Shevlin Mark, Murphy Jamie, Dorahy Martin J, Adamson Gary
Psychiatric Epidemiology Research Unit, University of Ulster at Magee College, UK.
Schizophr Res. 2007 Jan;89(1-3):101-9. doi: 10.1016/j.schres.2006.09.014. Epub 2006 Nov 9.
Previous research has suggested that psychosis is better described as a continuum rather than a dichotomous entity. This study aimed to describe the distribution of positive psychosis-like symptoms in the general population by means of latent class analysis.

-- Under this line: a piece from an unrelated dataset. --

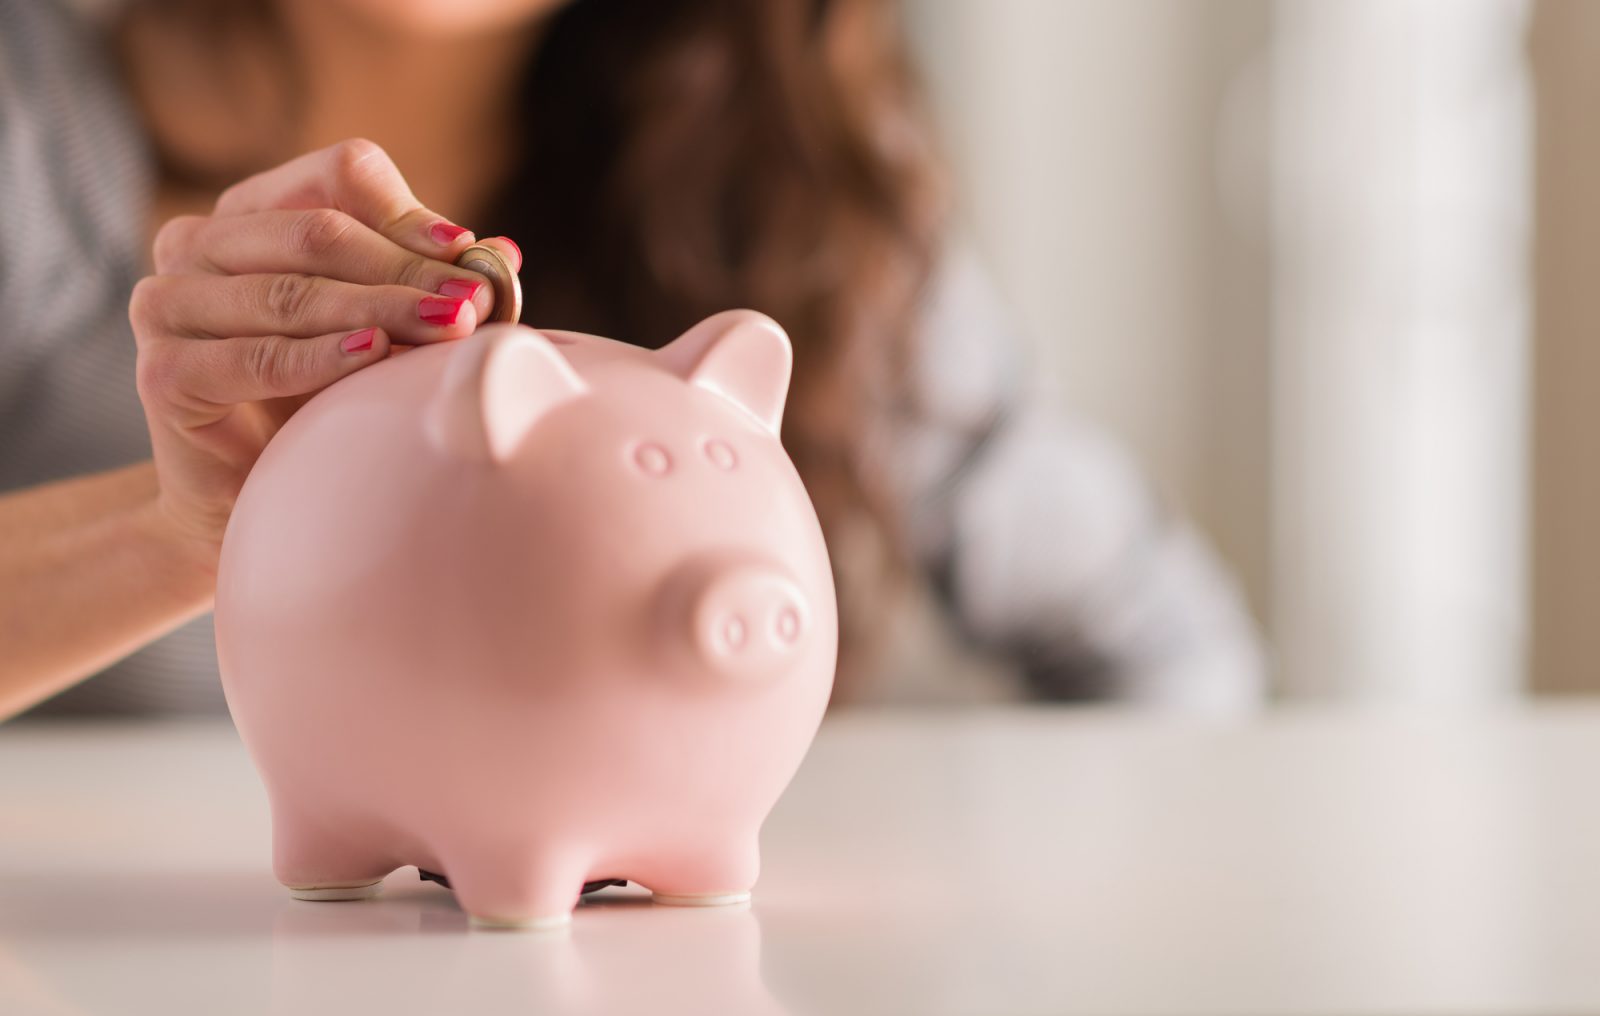 Practical tips to save money each month

Latent class analysis was used to identify homogeneous sub-types of psychosis-like experiences. Multinomial logistic regression models were used to interpret the nature of the latent classes, or groups, by estimating the associations with demographic factors, clinical variables, and experiences of traumatic events.

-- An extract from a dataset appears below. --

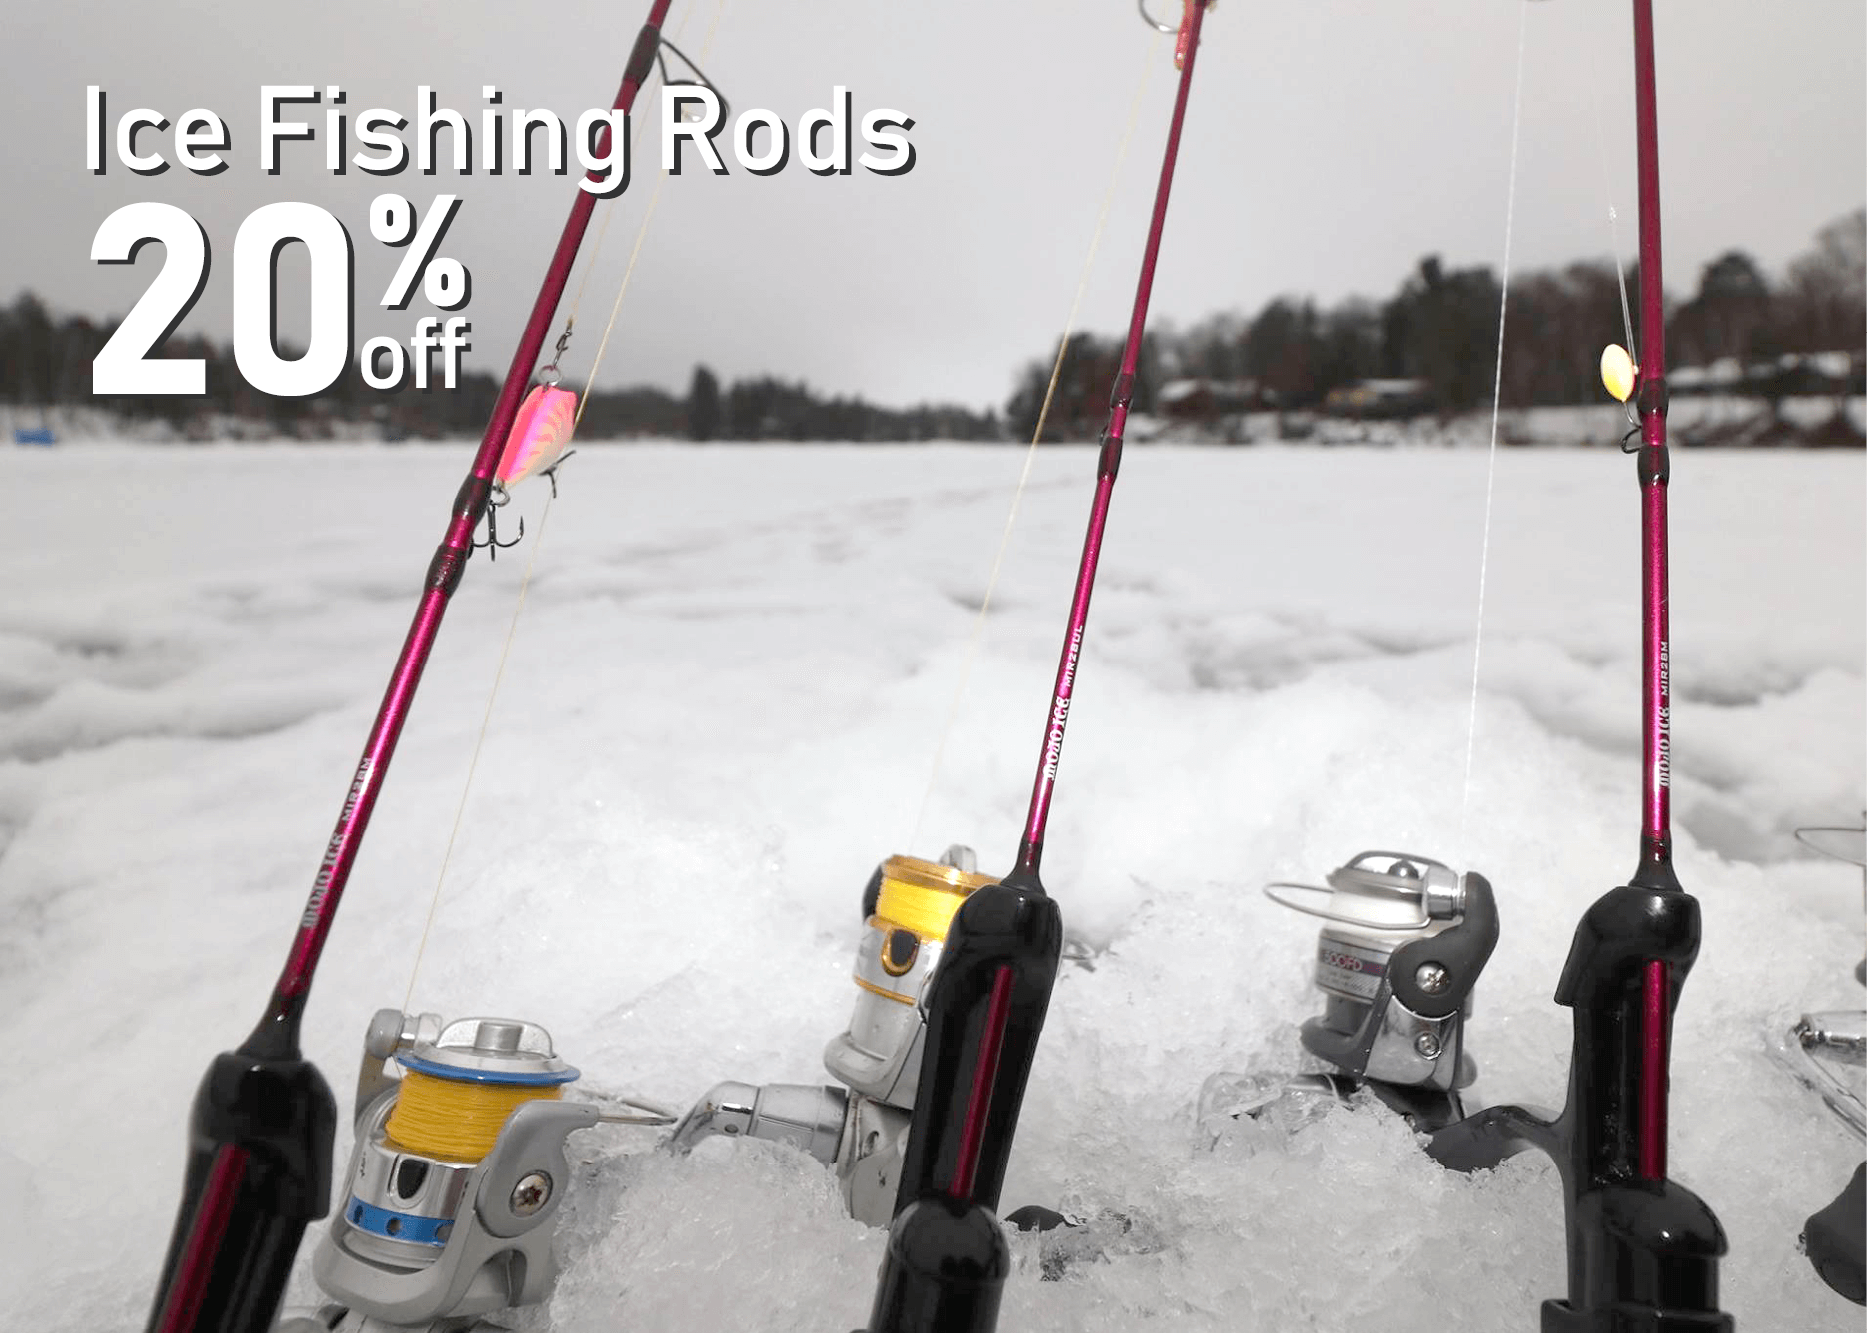 Save 20% on Ice Fishing Rods!

The best fitting latent class model was a four-class solution: a psychosis class, a hallucinatory class, an intermediate class, and a normative class. The associations between the latent classes and the demographic risk factors, clinical variables, and experiences of traumatic events showed significantly higher risks for the psychosis class, the hallucinatory class, and the intermediate class compared to the normative class. Furthermore there appeared to be a grading in the magnitude of the odds ratios: the odds ratios for the psychosis group were generally higher than those for the hallucinatory class, and the odds ratios for the hallucinatory class were generally higher than those for the intermediate class.
The latent class analysis showed that psychosis-like symptoms at the population level could be best explained by four groups that appeared to represent an underlying continuum.

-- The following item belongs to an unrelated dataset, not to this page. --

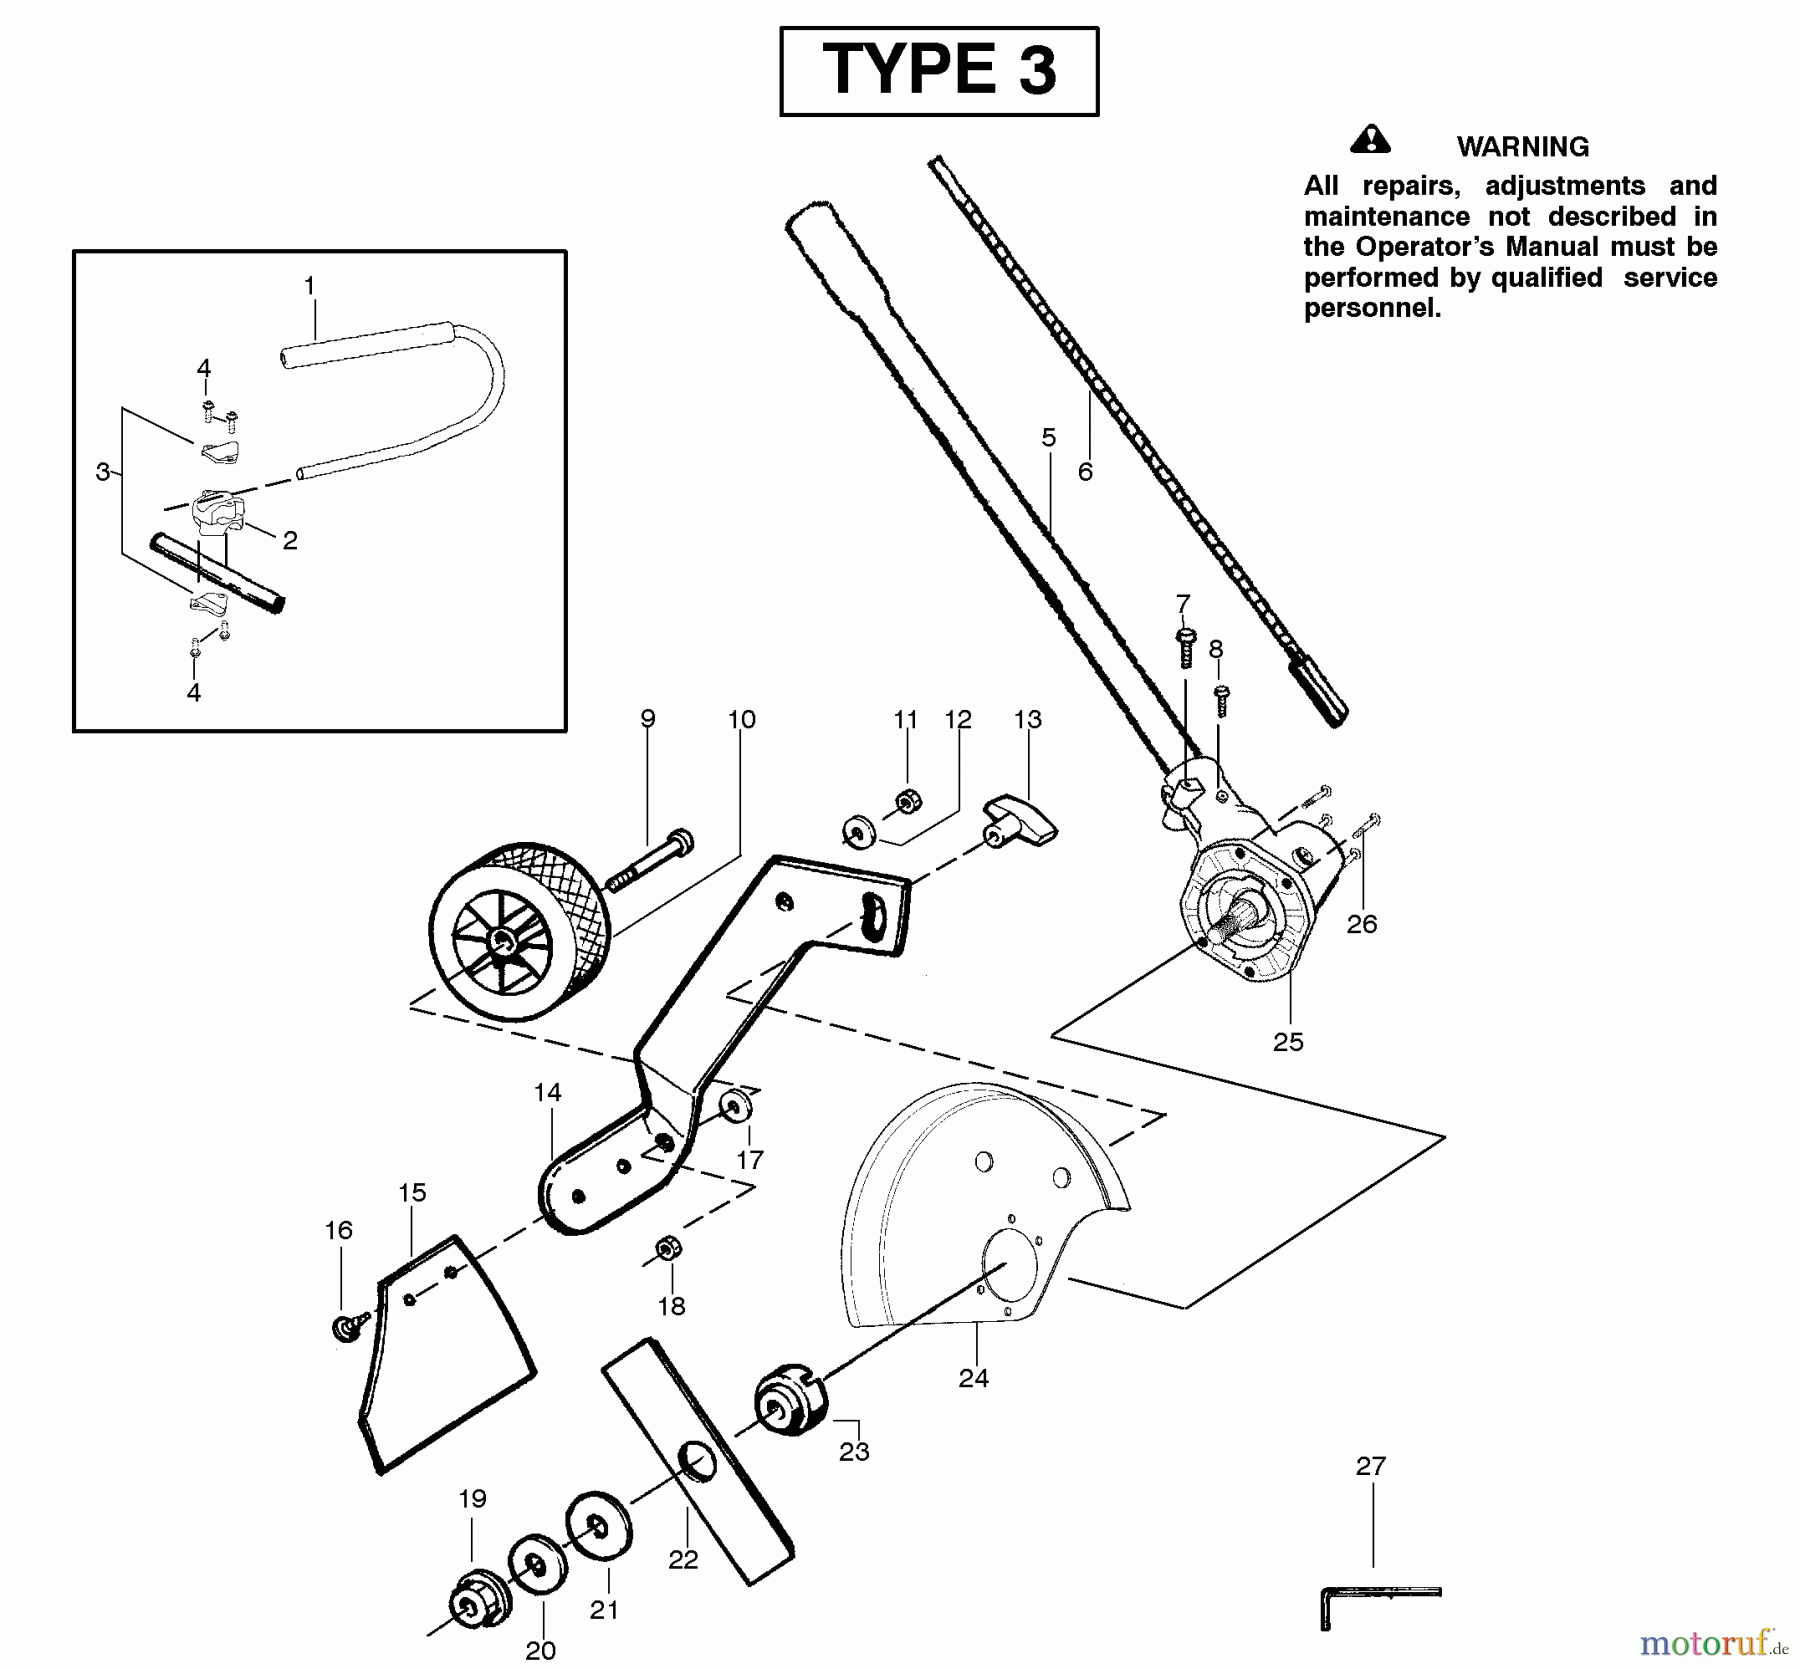  Poulan / Weed Eater Zubehör 1000E (Type 2) - Weed Eater Weed NEdge Edger Attachment Edger Attachment Assembly Type 3

先前的研究表明,精神病更宜被描述为一种连续体,而非二分实体。本研究旨在通过潜在类别分析描述普通人群中阳性精神病性症状的分布情况。
采用潜在类别分析来识别精神病性体验的同质亚型。使用多项逻辑回归模型,通过估计与人口统计学因素、临床变量及创伤性事件经历的关联,来解释潜在类别或组别的性质。
最佳拟合的潜在类别模型为四类解决方案:精神病类别、幻觉类别、中间类别和正常类别。与正常类别相比,潜在类别与人口统计学风险因素、临床变量及创伤性事件经历之间的关联显示,精神病类别、幻觉类别和中间类别具有显著更高的风险。此外,优势比的大小似乎存在分级:精神病组的优势比通常高于幻觉类别,幻觉类别的优势比通常高于中间类别。
潜在类别分析表明,在人群层面,精神病性症状最好由似乎代表潜在连续体的四组来解释。